Para ese entonces, ya había conseguido un trabajo en un periódico pequeño, al otro lado de la bahía, en Richmond, la ciudad donde Henry Kaiser había construido las flotas de los “Liberty
Ships” (los “buques de la libertad”), durante la Segunda Guerra Mundial. Cuando me contrataron, entendí que mi carrera había comenzado, de modo que nunca pedí un título. Sin embargo, lo que
aprendí nunca se desperdició, sino que forma parte del caudal de conocimientos que todo buen periodista debe poseer. Nuestra situación doméstica era mejor, pero todavía no era la ideal.
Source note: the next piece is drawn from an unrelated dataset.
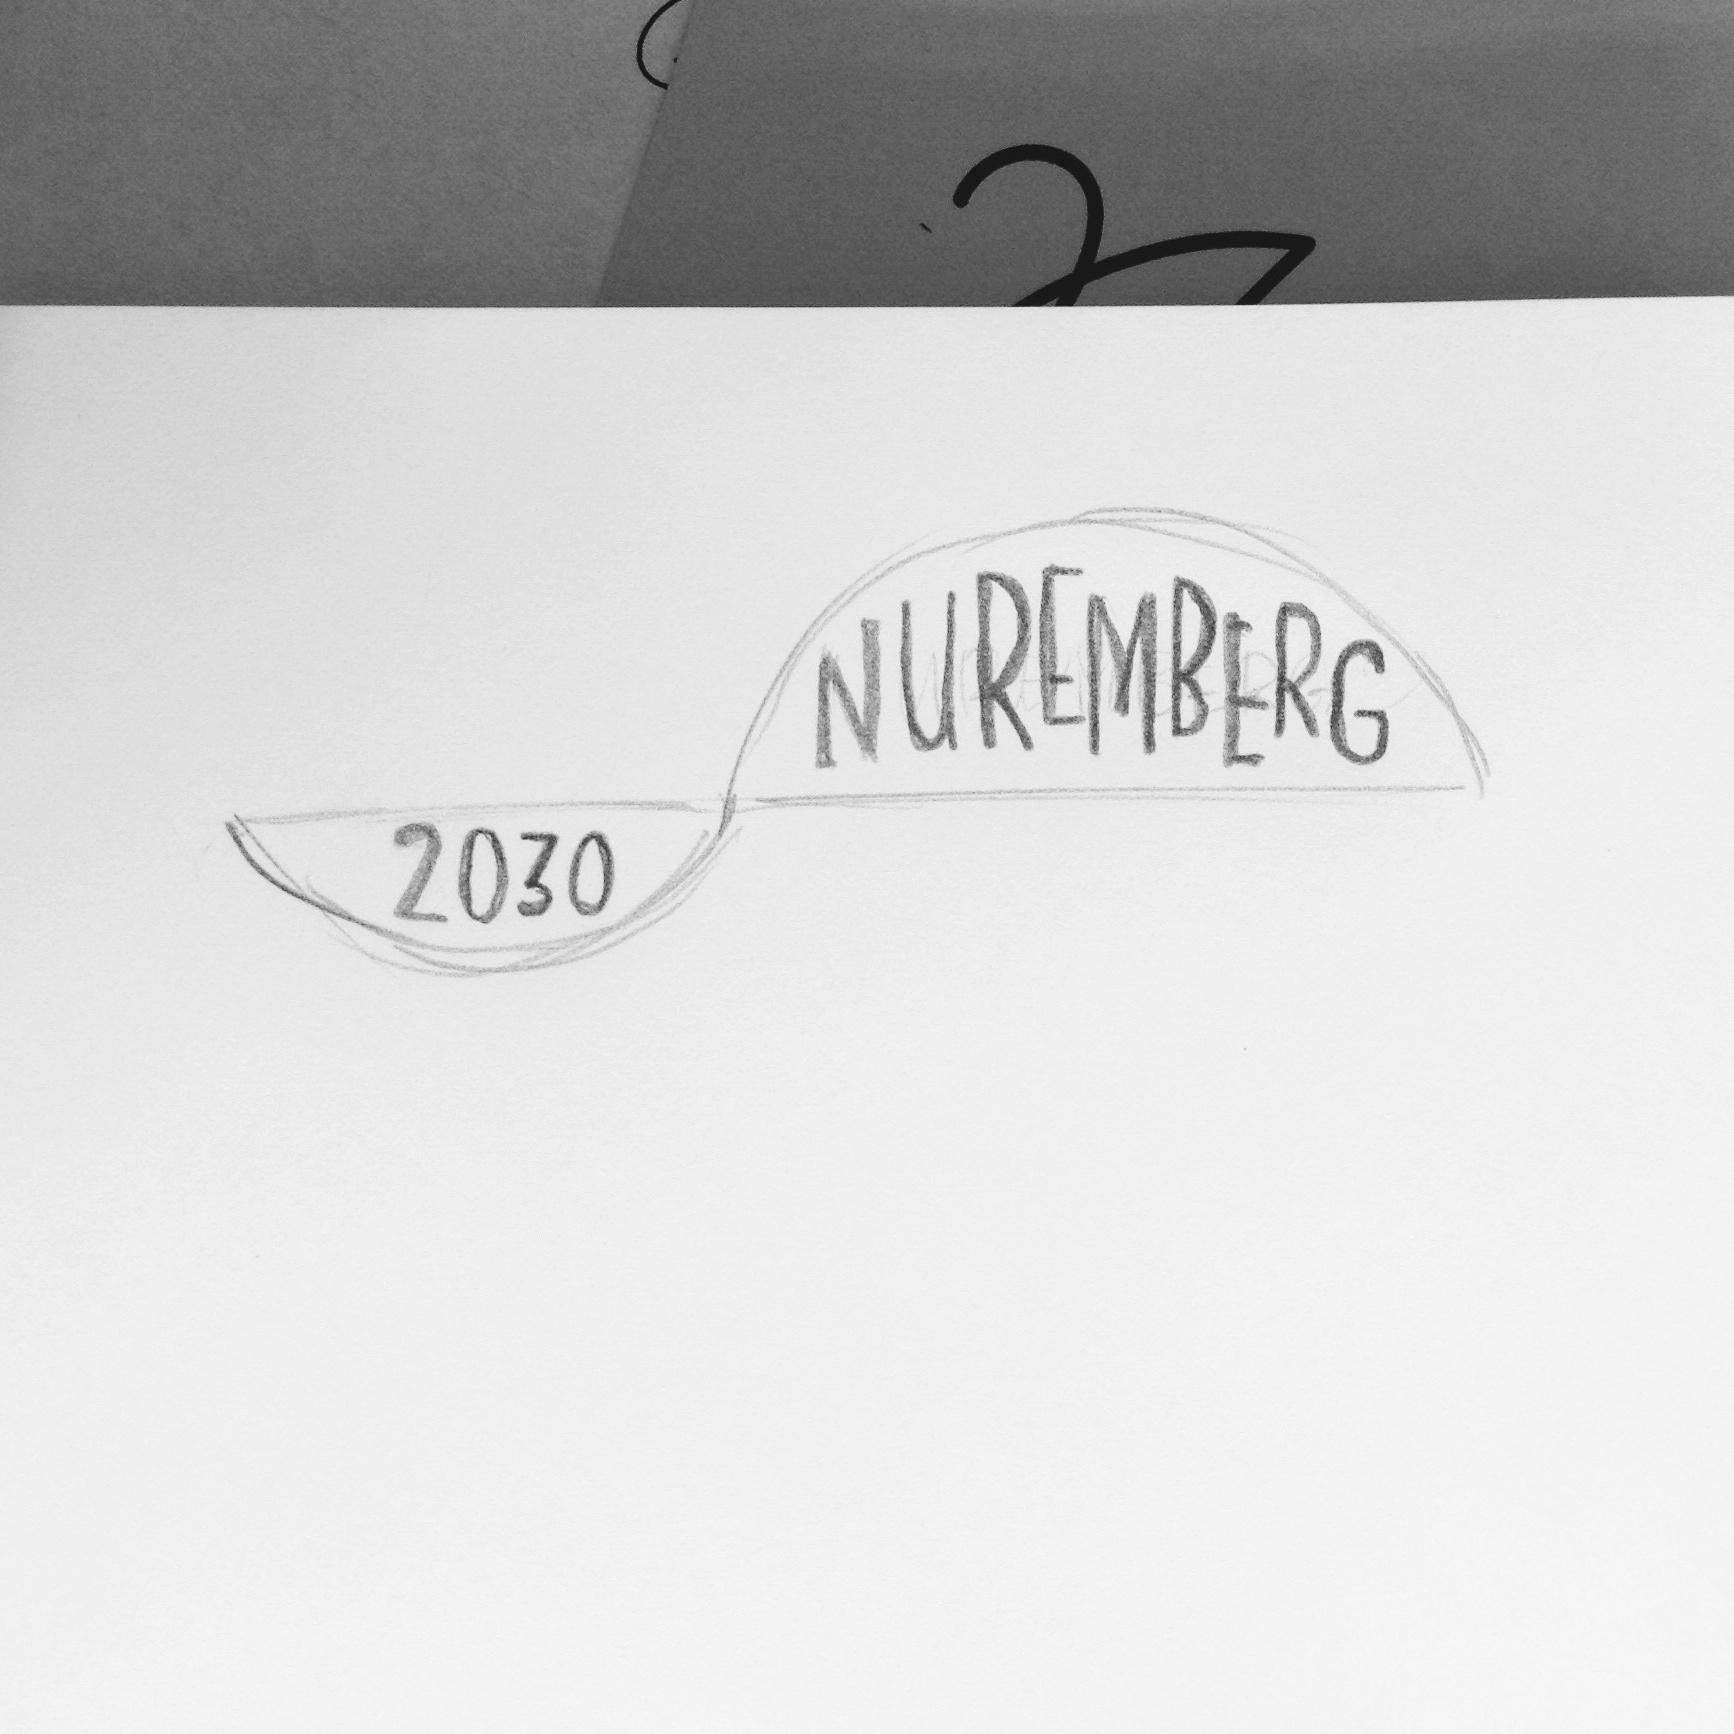 Nuremberg - image 7 - student project

Hacia fines de 1952, nos mudamos del pequeño apartamento en San Francisco a lo que habían sido las viviendas temporarias para los trabajadores del astillero de Richmond durante la guerra,
una serie de unidades tipo caja, que estaban desparramadas en un área que se llamaba Triangle Village. Nuestra nueva vivienda no era del todo adecuada y, además, era peligrosa y ruidosa. Las
vías del ferrocarril sin cercas, que corrían a la vera del terreno, ponían en peligro a los niños, incluyendo a nuestra hija Cindy. El estruendo de los trenes, las 24 horas del día,
perturbaban la serenidad que Triangle ofrecía y hacía que dormir una noche entera fuera imposible. Comenzamos a buscar un lugar mejor y más seguro para que la familia creciera, y, otra vez,
recurrimos a la Ley del Soldado. Después de semanas de búsqueda, encontramos lo que deseábamos: una casa en las colinas, con vista a Richmond, que estaba en construcción. El constructor
pedía $12.500. Mientras tanto, yo me había presentado en la Veterans Administration para solicitar un préstamo bajo la Ley del Soldado, y el 18 de febrero de 1954, recibí el certificado de
elegibilidad. Contra toda probabilidad, con un salario de $75 a la semana que me pagaba el periódico, pudimos comprar la casa, sin pago inicial, con un préstamo garantizado, en parte, por el
Tío Sam y con una tasa de interés del cuatro por ciento; todo esto gracias a un gobierno que yo pensaba que nos había abandonado. Todavía guardo ese certificado. Nuestra segunda hija,
Linda, nació en el hogar donde vivimos por diez años antes de mudarnos a un lugar más grande, sobre un terreno de dos acres, al pie del Monte Diablo. Mi carrera florecía en el Oakland
Tribune, cuando llegó nuestro hijo Allen, y, más tarde, alcanzó nuevas alturas cuando pasé al Los Angeles Times, donde compartí tres medallas doradas de los Premios Pulitzer, primero como
periodista y, luego, como columnista. En 2000, ya periodista ganador del Premio Pulitzer, Al Martinez regresó a Corea. La Ley del Soldado les brindó a los veteranos un empuje tanto emocional
como financiero. Esto es especialmente cierto para los que peleamos en la Guerra de Corea y volvimos no para el reconocimiento, sino al silencio. Me abrió la puerta a una carrera llena de
honores que prosiguió por 57 años. Al permitirme continuar mi educación y comprar mi primera casa, la Ley del Soldado le dio a toda mi familia un nuevo punto de partida. Fue el
agradecimiento supremo de Estados Unidos, por un año en la guerra.